Copy the listing in full and exactly, omitting its images.

┌─ Supplied material

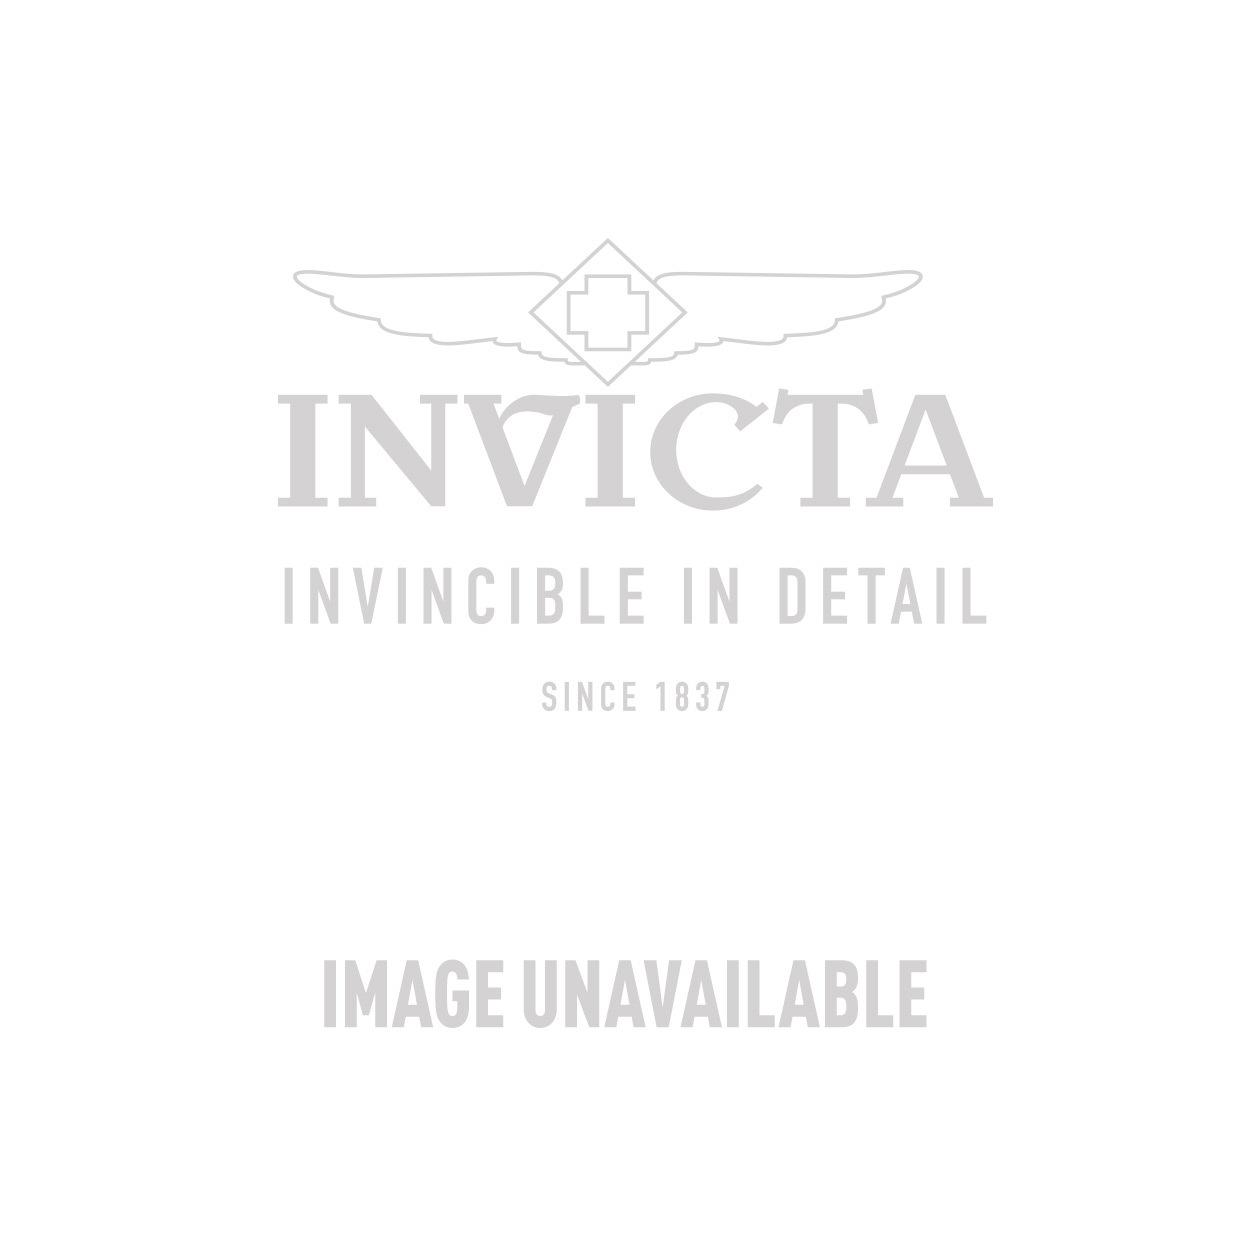 Invicta Model 28189
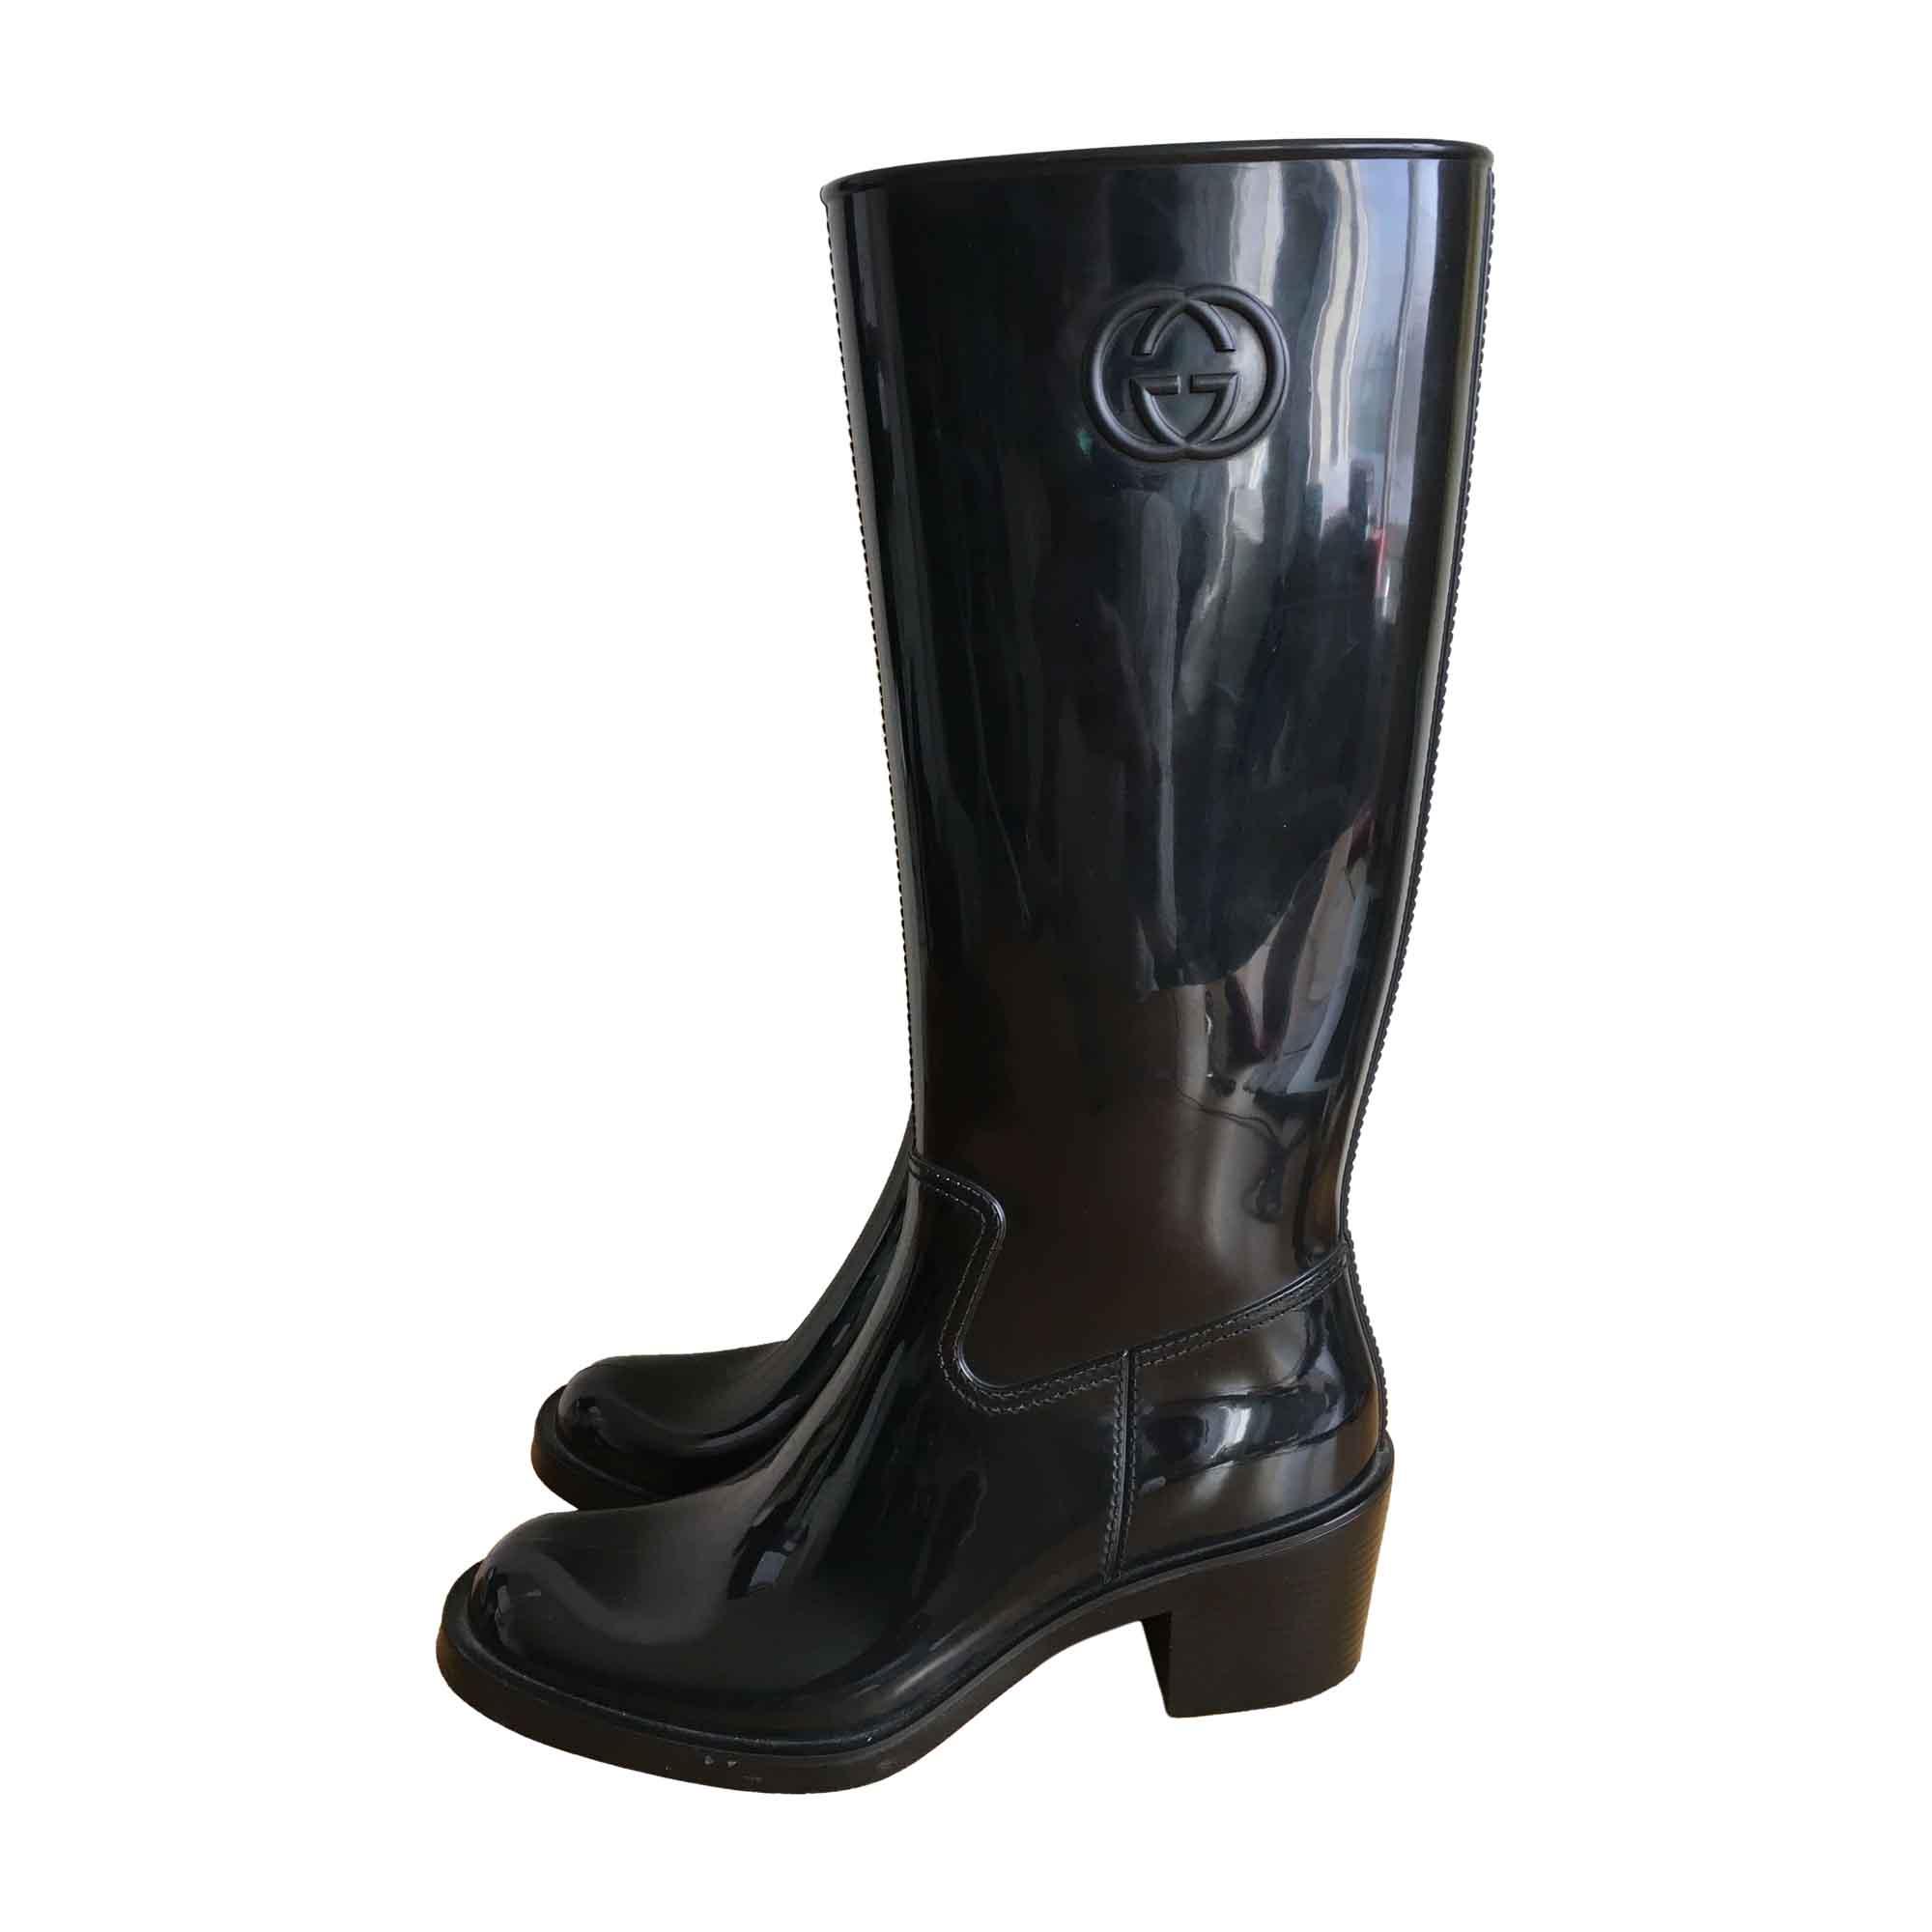 Bottes de pluie GUCCI 41 noir vendu par The boutique of dulce - 6812359 ff6748cbec1
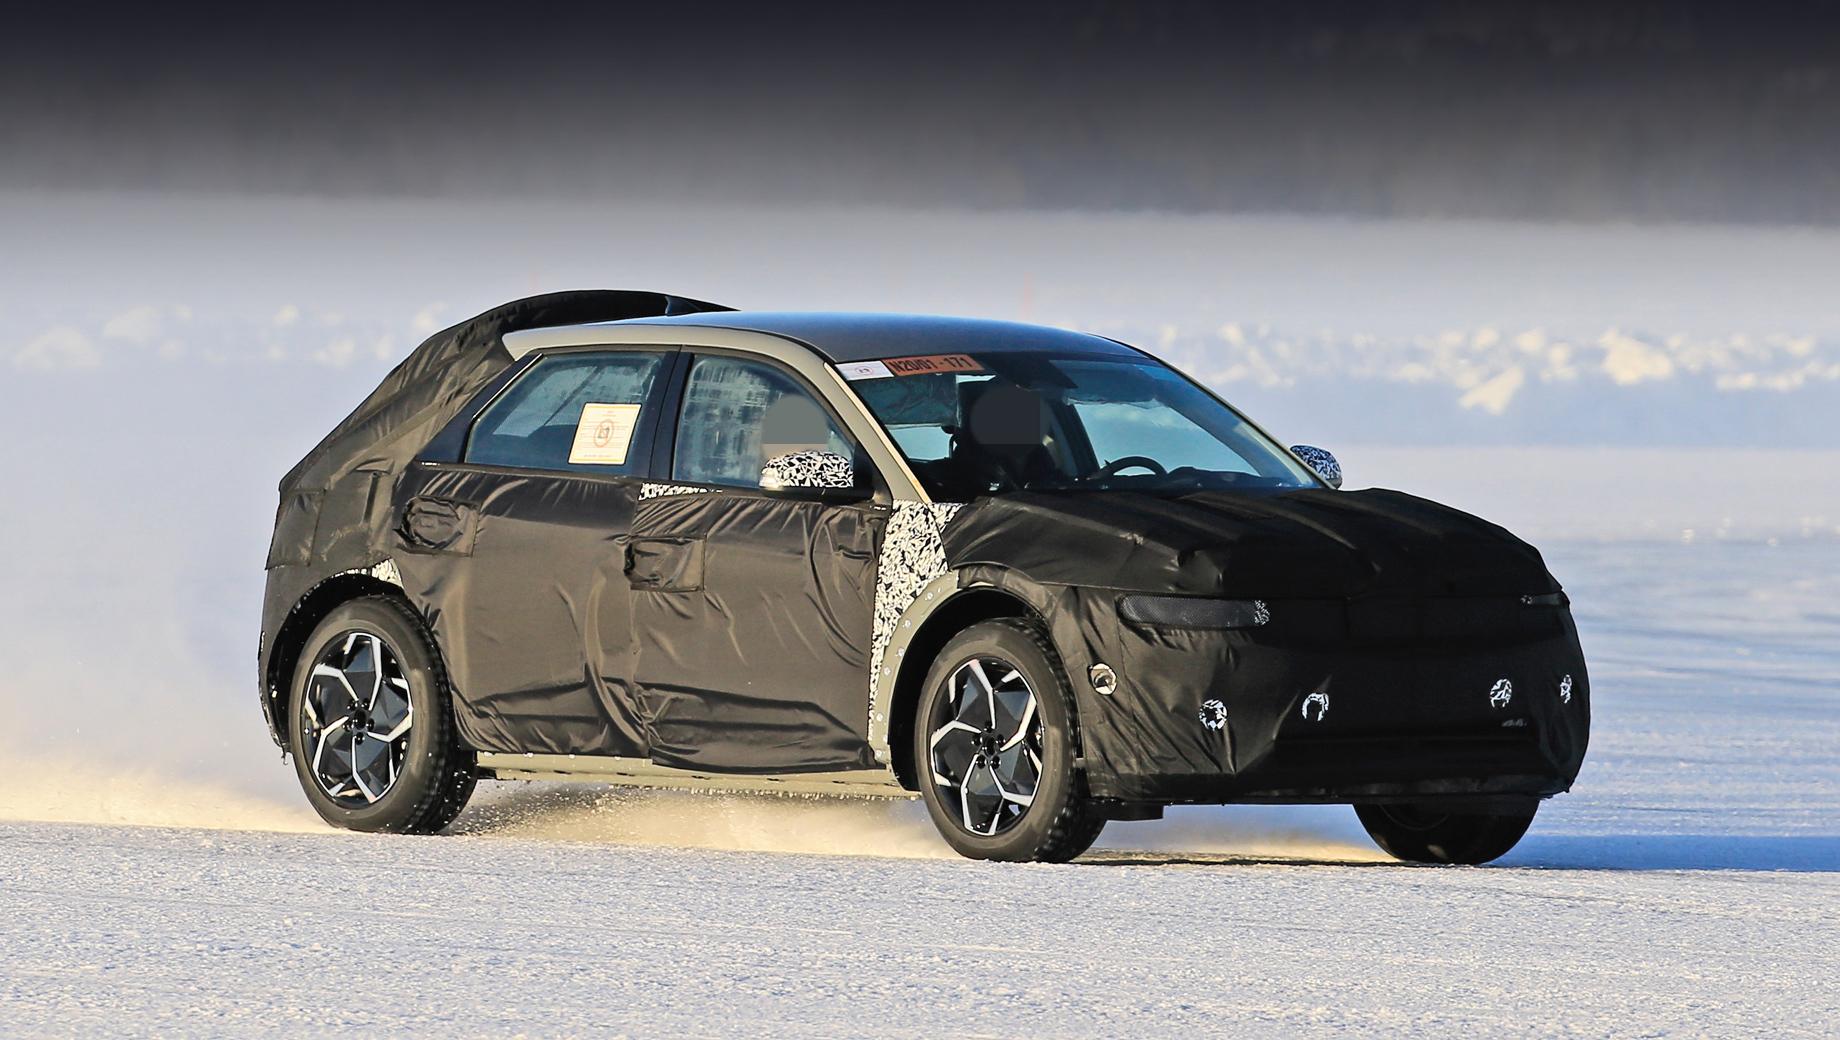 Hyundai 45,Hyundai pony. Рассматривая детали машины вблизи, фотографы отметили, что прототип выглядит «вполне завершённым», а потому компания способна представить новичка уже в нынешнем году. Продажи, скорее всего, начнутся в следующем.

└─

Written response
 Invicta Model 28189
 Bottes de pluie GUCCI 41 noir vendu par The boutique of dulce - 6812359 ff6748cbec1
 Hyundai 45,Hyundai pony. Рассматривая детали машины вблизи, фотографы отметили, что прототип выглядит «вполне завершённым», а потому компания способна представить новичка уже в нынешнем году. Продажи, скорее всего, начнутся в следующем.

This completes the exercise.